[Start of Attachment]

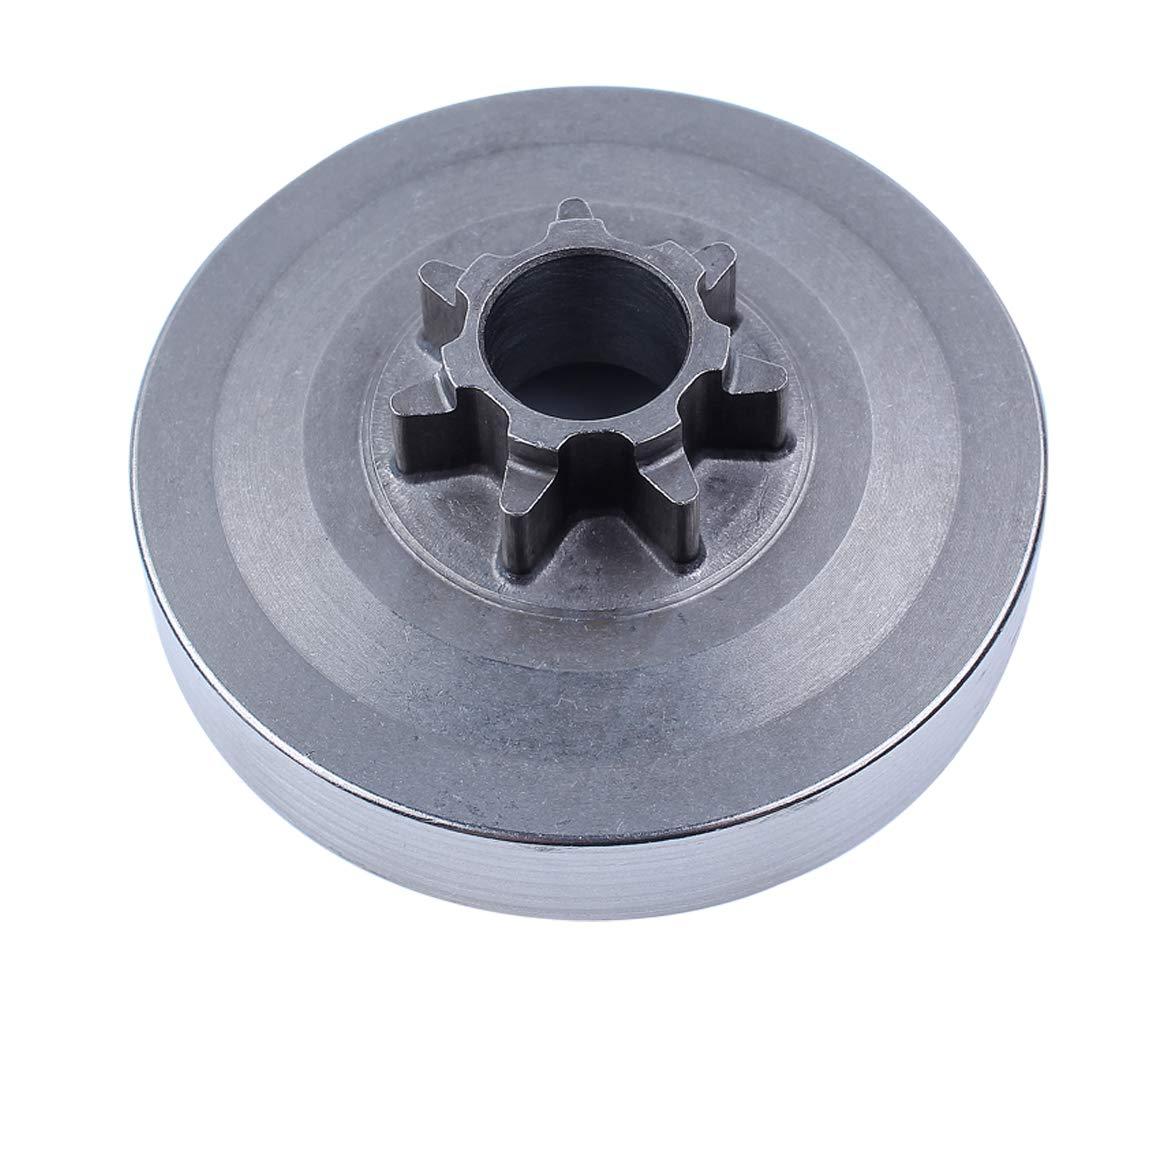 Haishine .325 Kit de Bomba de Aceite del Tambor de Embrague Fit Chino 45cc 52cc 58cc 4500 5200 5800 Motosierra
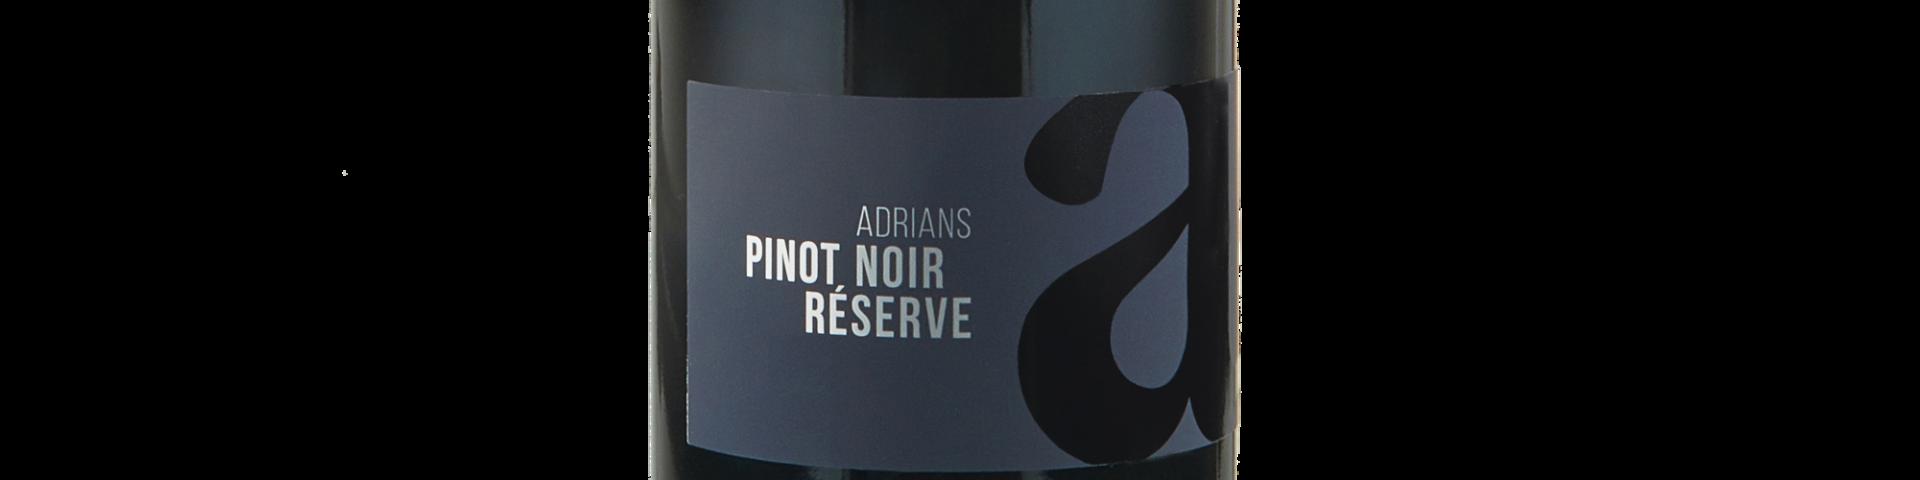 Pinot Noir Adrians Weingut
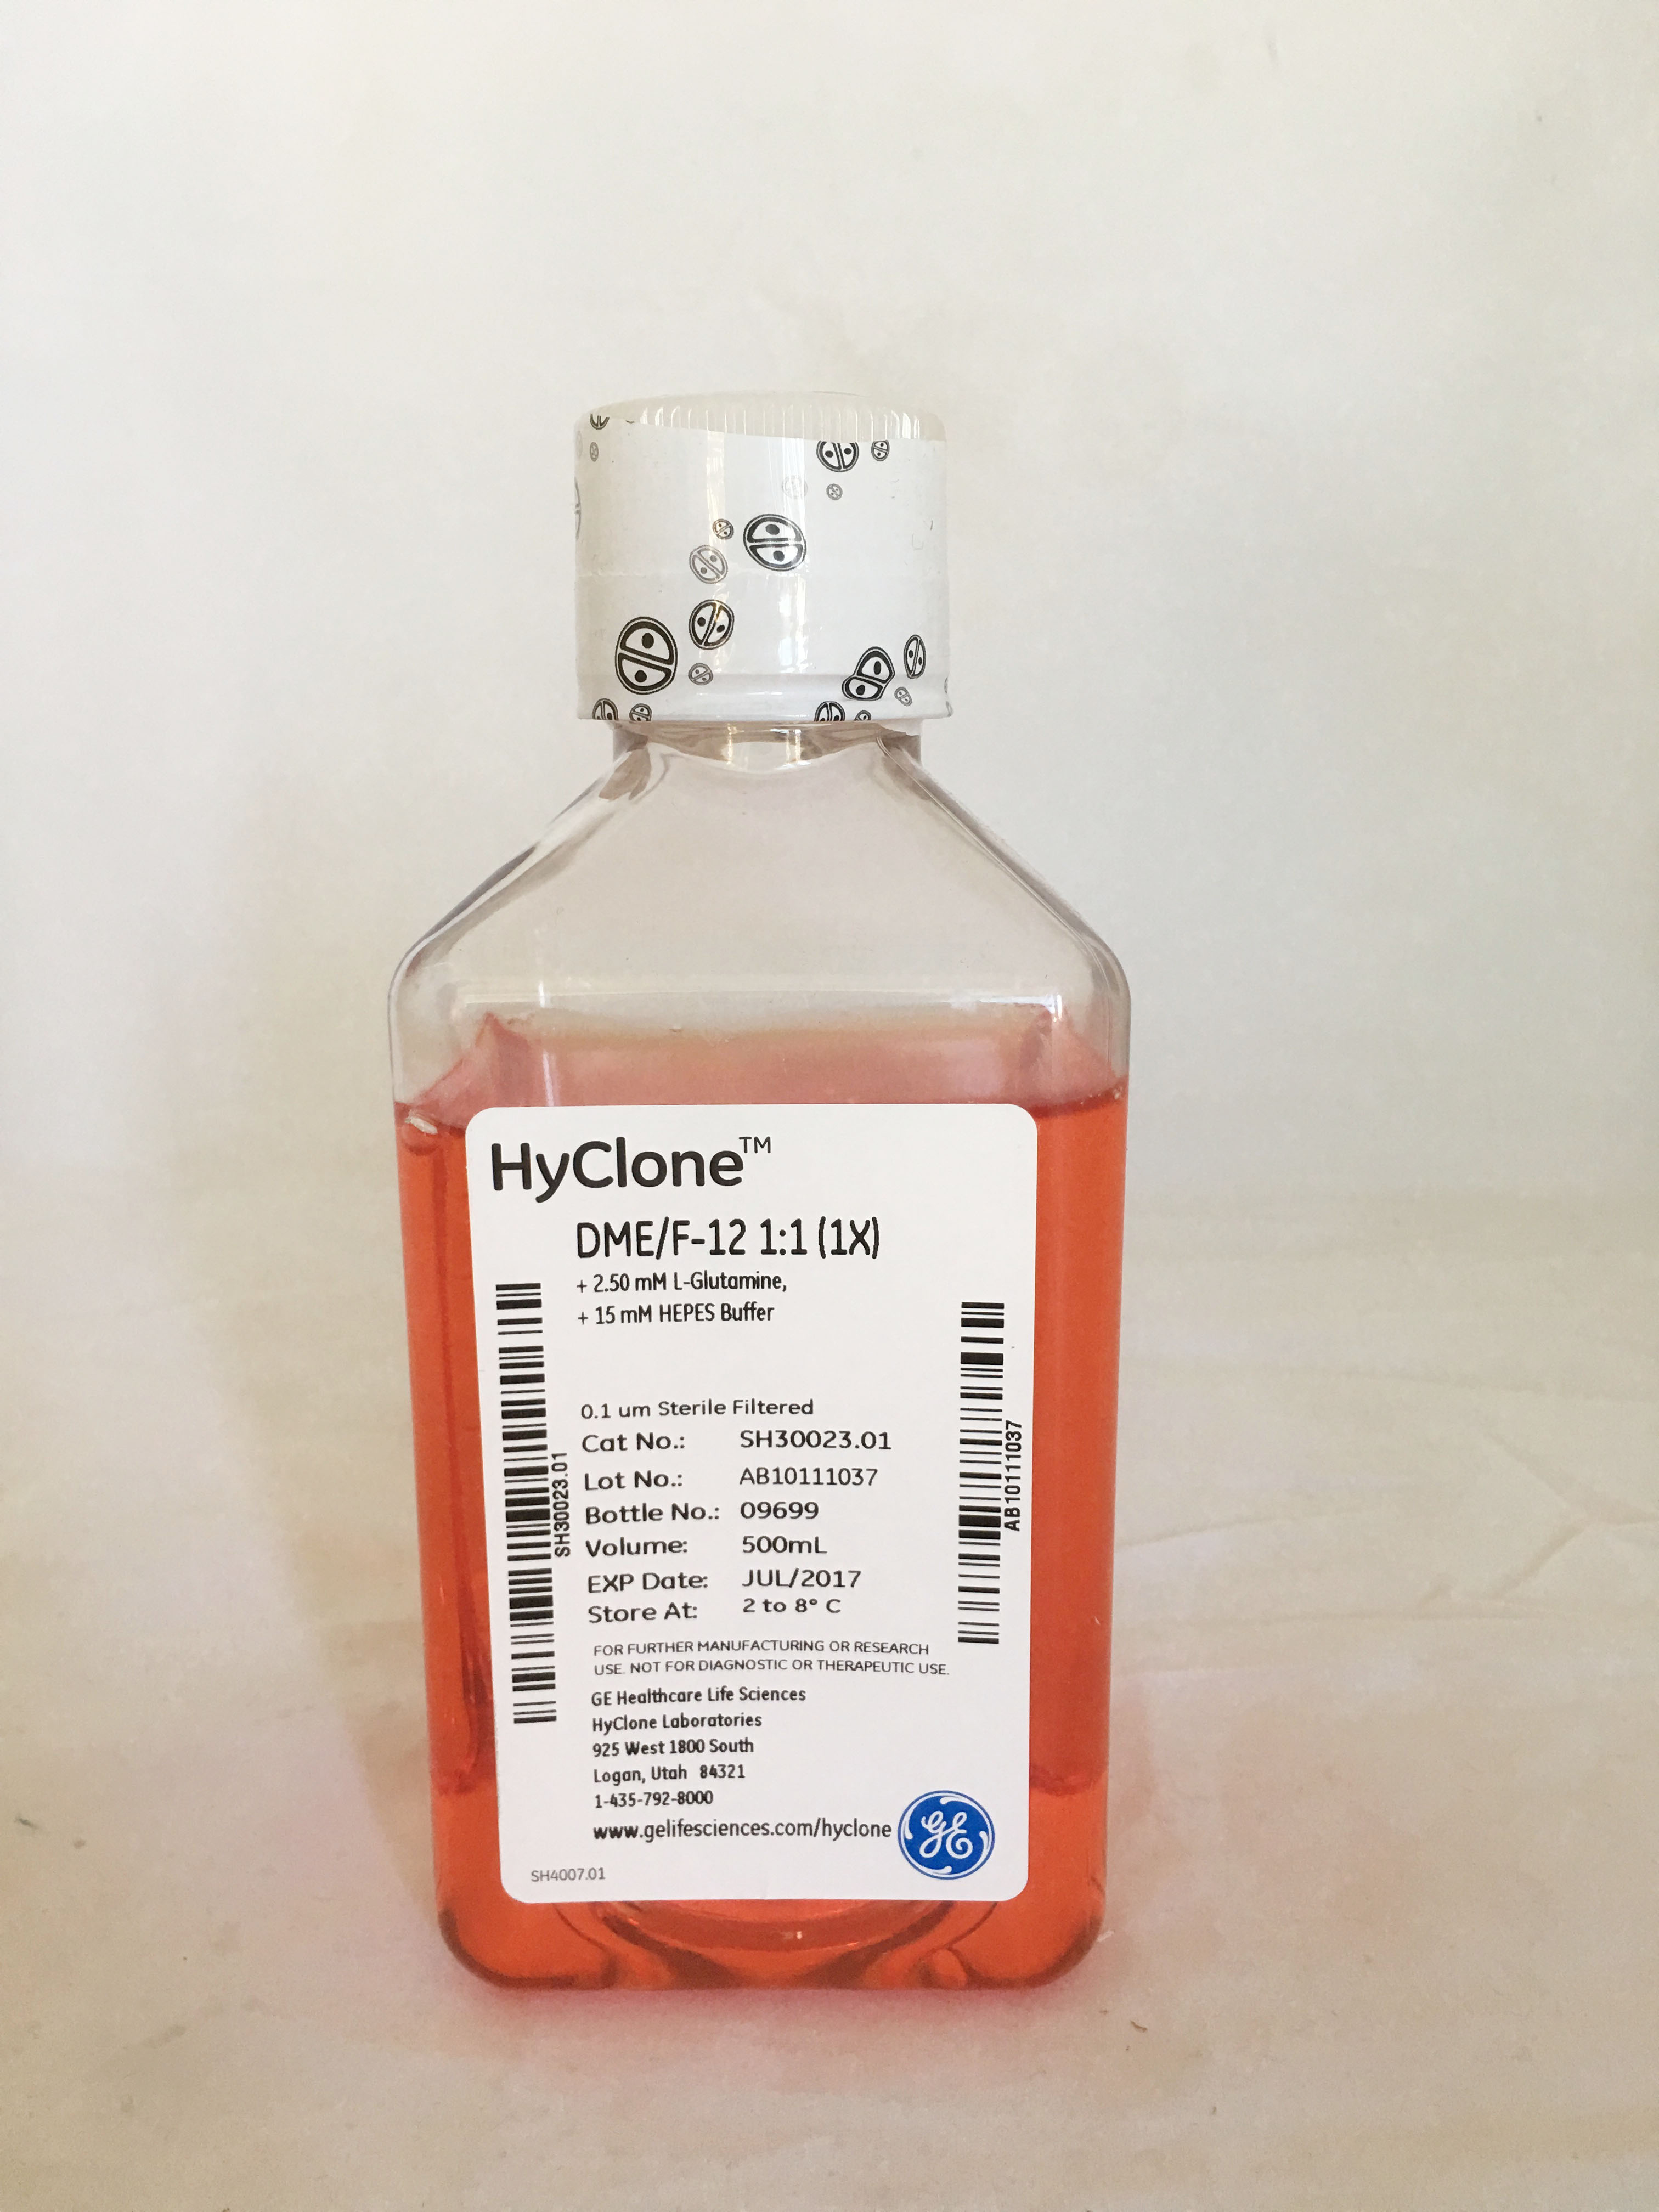 DMEM/F12(D/F12)培养基 1:1(美国原装进口), 500ml SH30023.01(替代原国产分装产品SH30023.01B),含2.50 mM L-谷氨酰胺,15 mM HEPES  HyClone

[End of Attachment]

> _What to produce_: Since only the text is needed, retype the data above exactly and omit the pictures.

> _Completed exercise_:
 Haishine .325 Kit de Bomba de Aceite del Tambor de Embrague Fit Chino 45cc 52cc 58cc 4500 5200 5800 Motosierra
 Pinot Noir Adrians Weingut
 DMEM/F12(D/F12)培养基 1:1(美国原装进口), 500ml SH30023.01(替代原国产分装产品SH30023.01B),含2.50 mM L-谷氨酰胺,15 mM HEPES  HyClone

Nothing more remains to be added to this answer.